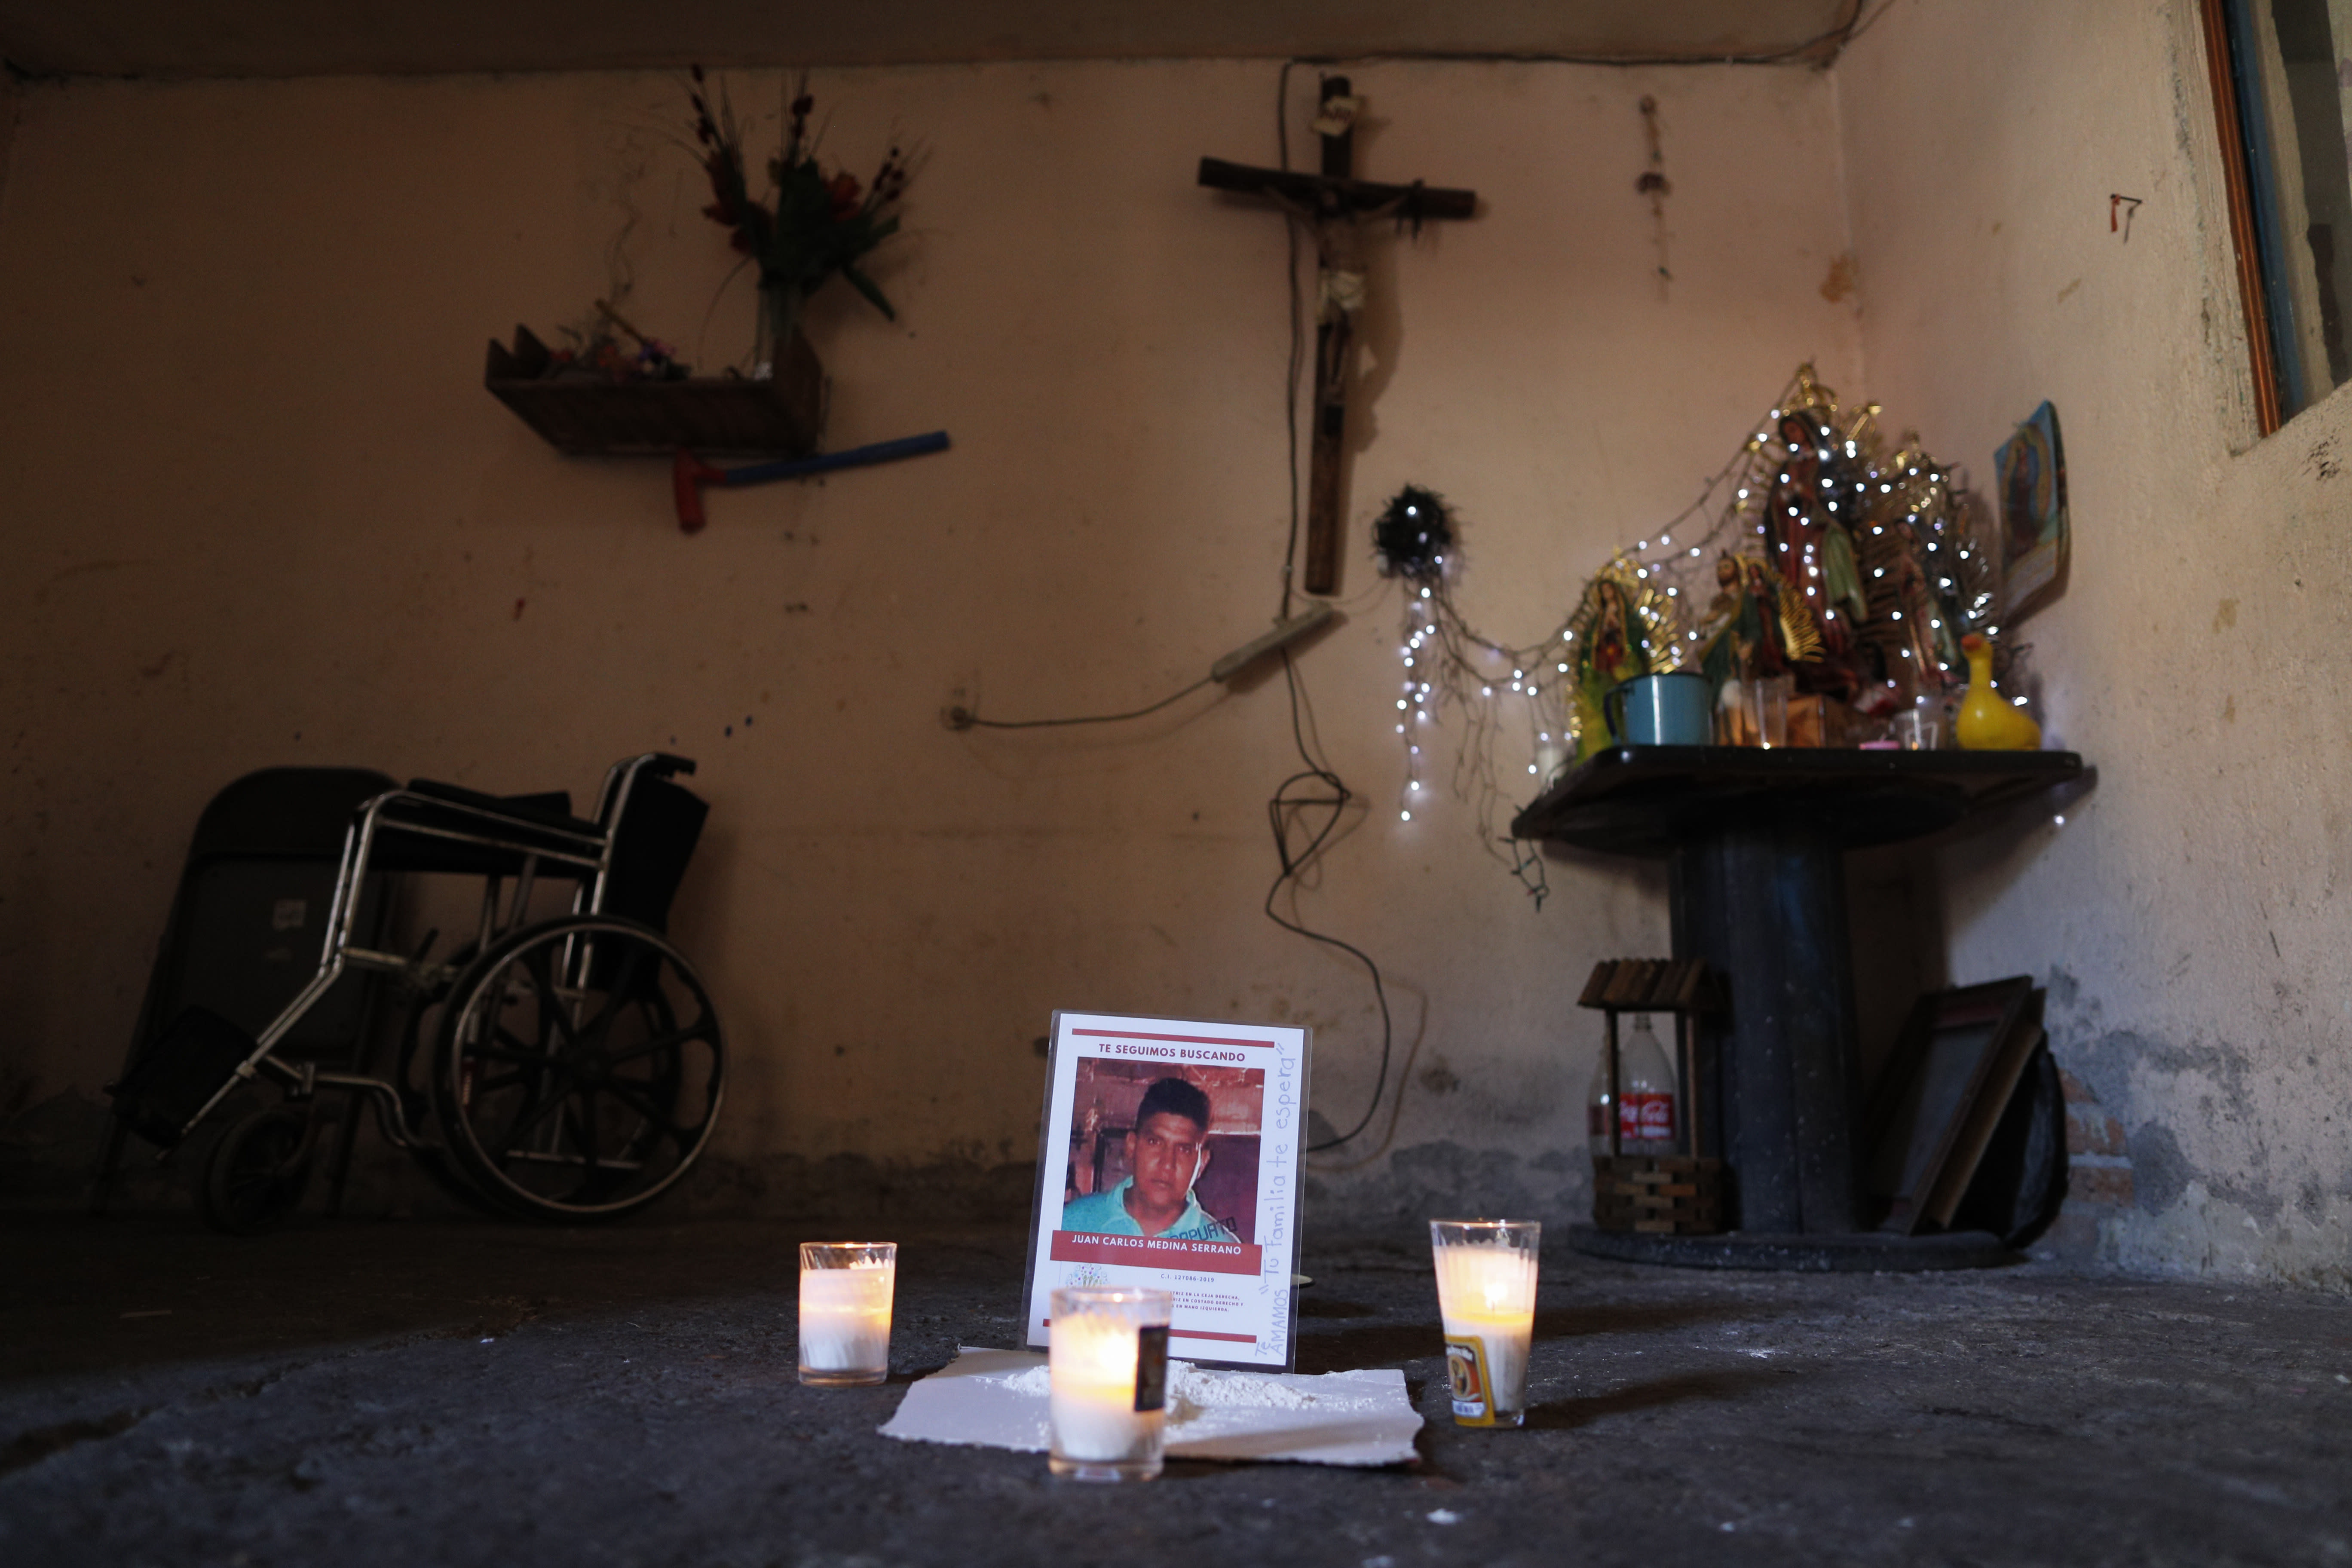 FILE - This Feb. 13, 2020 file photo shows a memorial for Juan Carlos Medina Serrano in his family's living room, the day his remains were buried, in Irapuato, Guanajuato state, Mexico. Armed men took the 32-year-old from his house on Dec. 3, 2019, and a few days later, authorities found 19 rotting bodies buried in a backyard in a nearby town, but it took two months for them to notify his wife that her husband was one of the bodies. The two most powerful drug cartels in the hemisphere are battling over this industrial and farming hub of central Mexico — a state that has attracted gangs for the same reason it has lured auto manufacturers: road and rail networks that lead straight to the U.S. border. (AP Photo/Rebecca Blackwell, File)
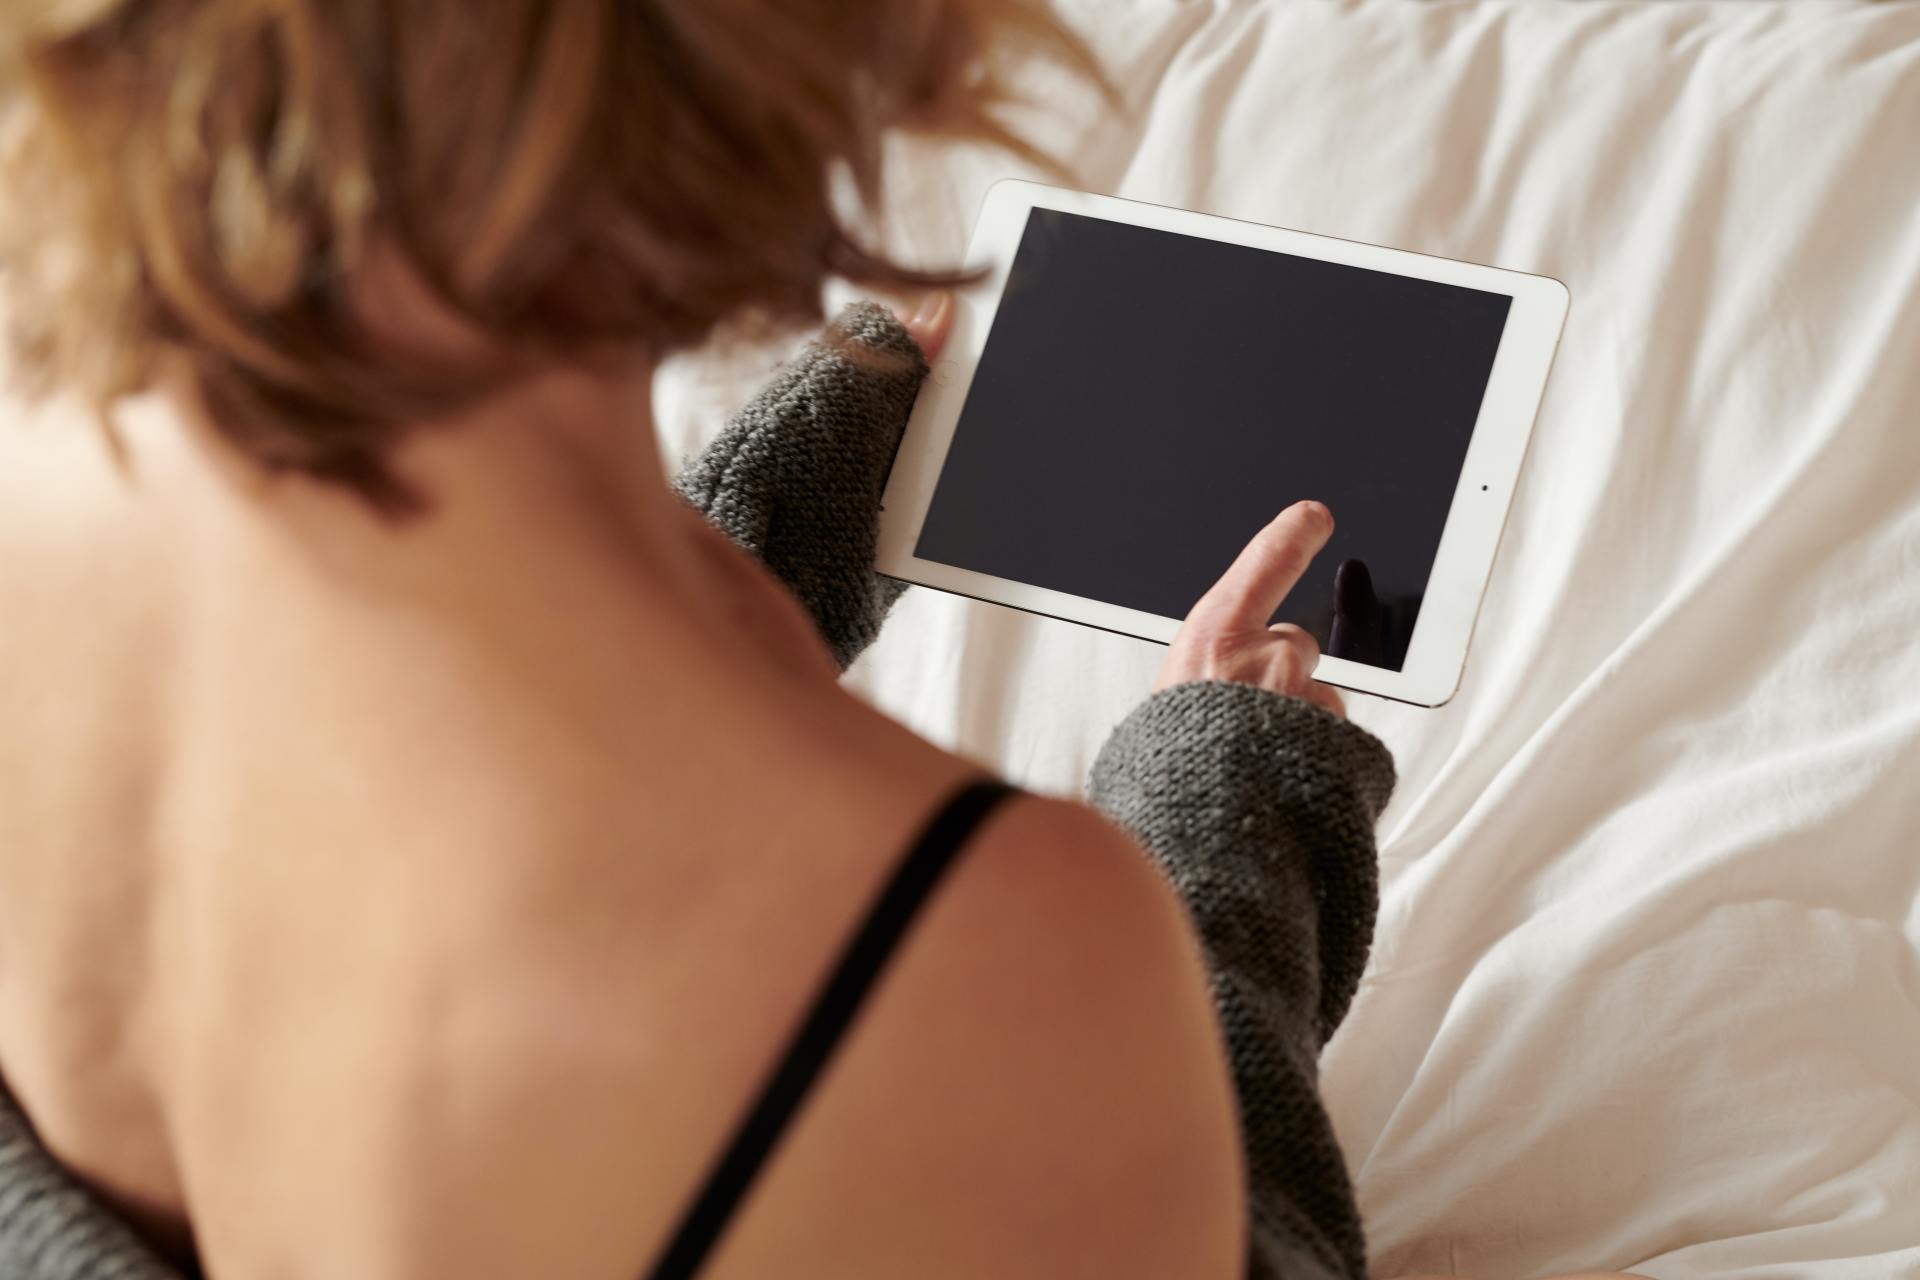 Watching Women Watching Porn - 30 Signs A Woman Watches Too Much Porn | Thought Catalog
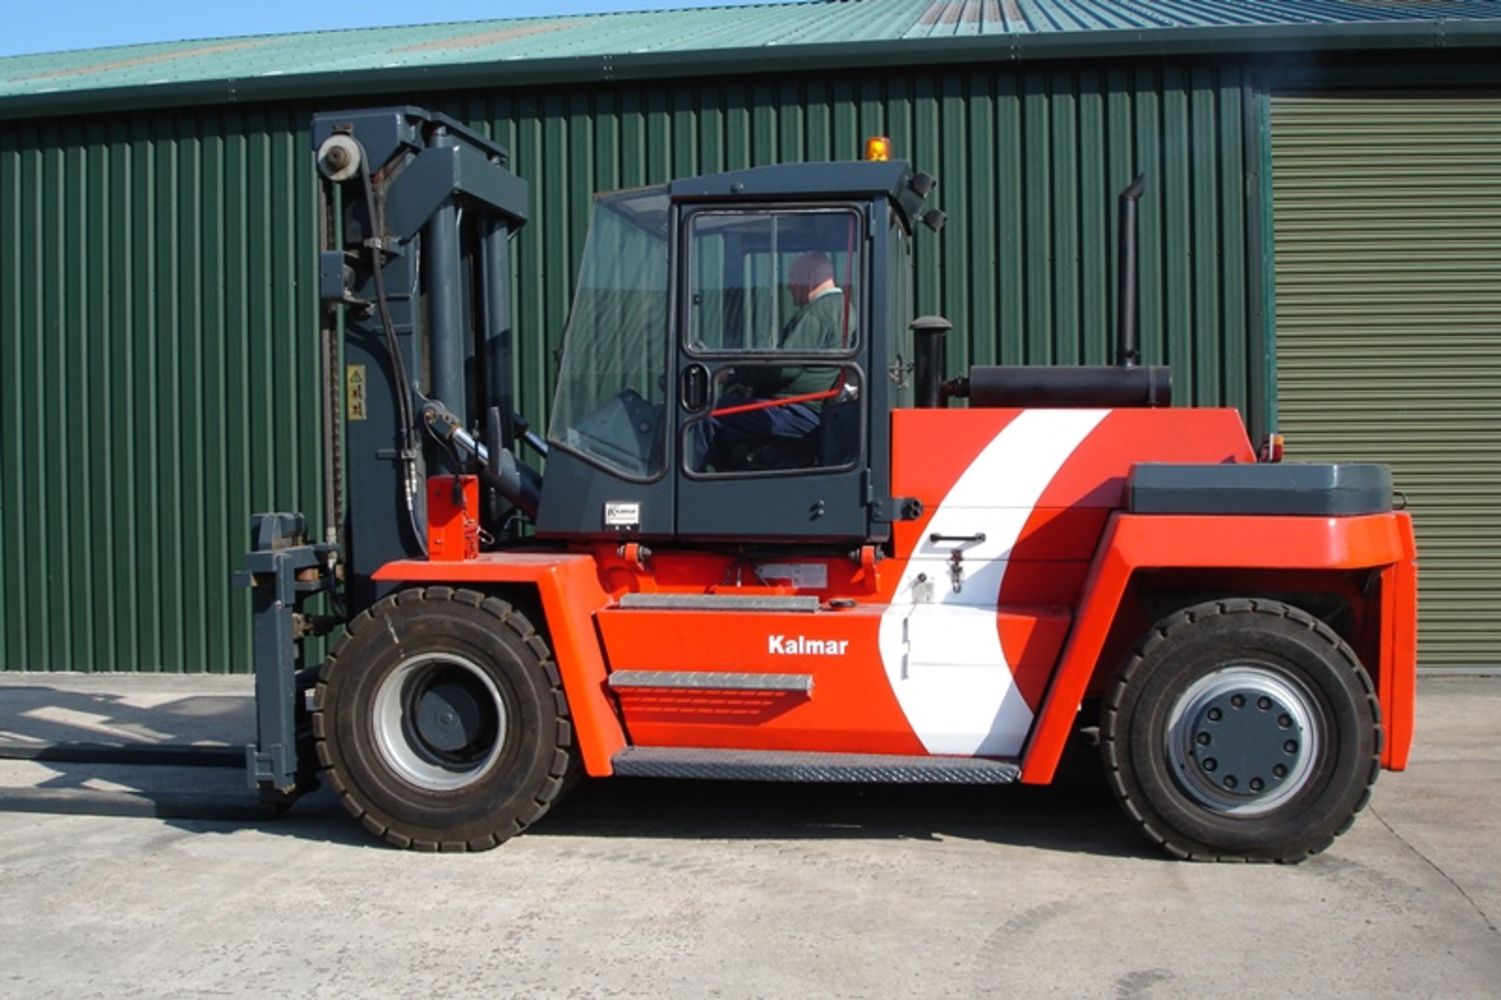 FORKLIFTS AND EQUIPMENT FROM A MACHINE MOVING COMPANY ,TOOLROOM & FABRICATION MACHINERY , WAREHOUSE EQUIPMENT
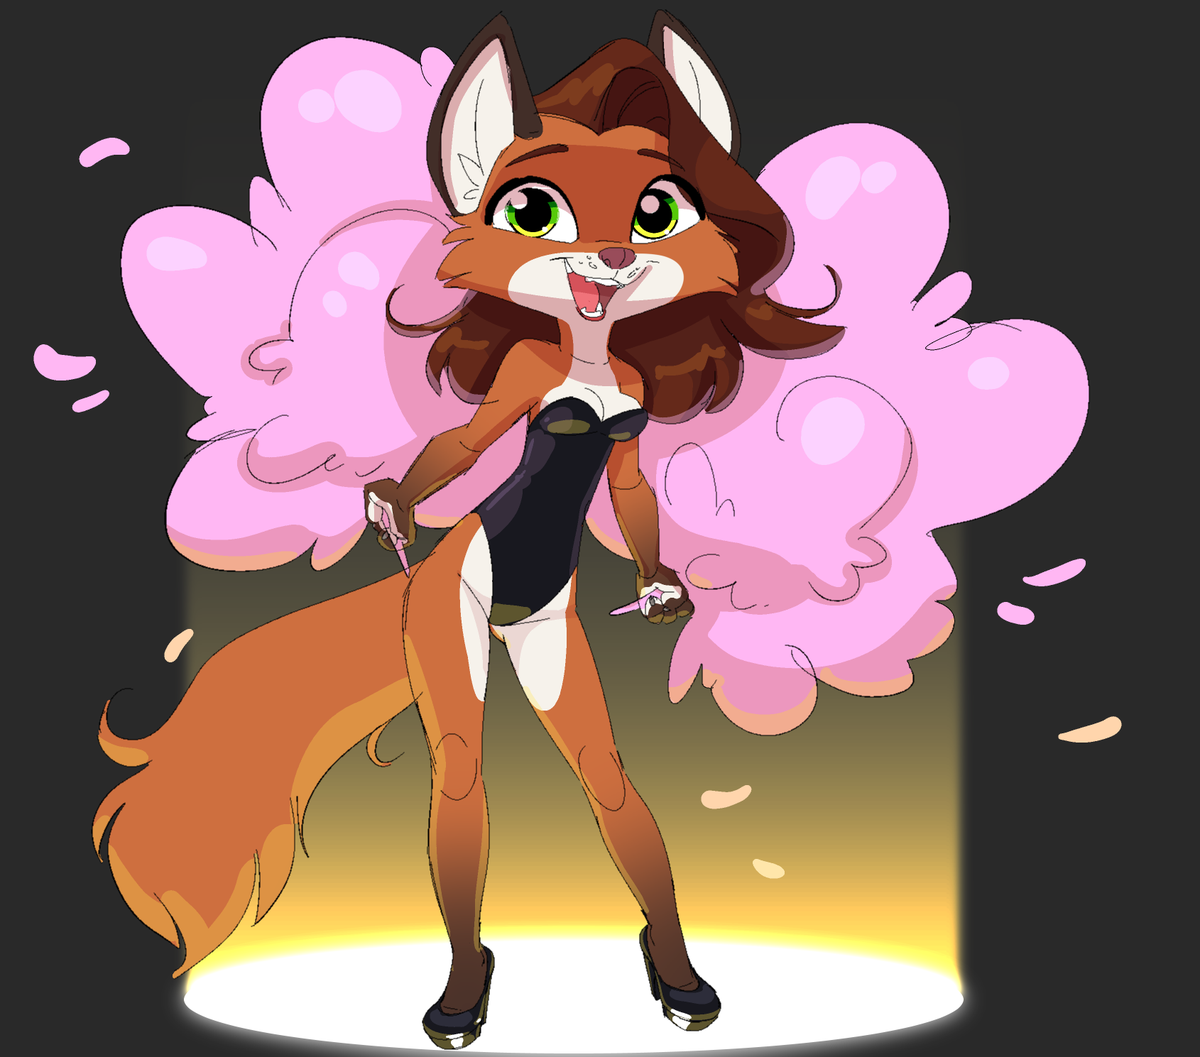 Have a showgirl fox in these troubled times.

※

> _Your goal_
Go through the data above and transcribe it in full, omitting any image.

> _Response to the task_
 FILE - This Feb. 13, 2020 file photo shows a memorial for Juan Carlos Medina Serrano in his family's living room, the day his remains were buried, in Irapuato, Guanajuato state, Mexico. Armed men took the 32-year-old from his house on Dec. 3, 2019, and a few days later, authorities found 19 rotting bodies buried in a backyard in a nearby town, but it took two months for them to notify his wife that her husband was one of the bodies. The two most powerful drug cartels in the hemisphere are battling over this industrial and farming hub of central Mexico — a state that has attracted gangs for the same reason it has lured auto manufacturers: road and rail networks that lead straight to the U.S. border. (AP Photo/Rebecca Blackwell, File)
 Watching Women Watching Porn - 30 Signs A Woman Watches Too Much Porn | Thought Catalog
 FORKLIFTS AND EQUIPMENT FROM A MACHINE MOVING COMPANY ,TOOLROOM & FABRICATION MACHINERY , WAREHOUSE EQUIPMENT
 Have a showgirl fox in these troubled times.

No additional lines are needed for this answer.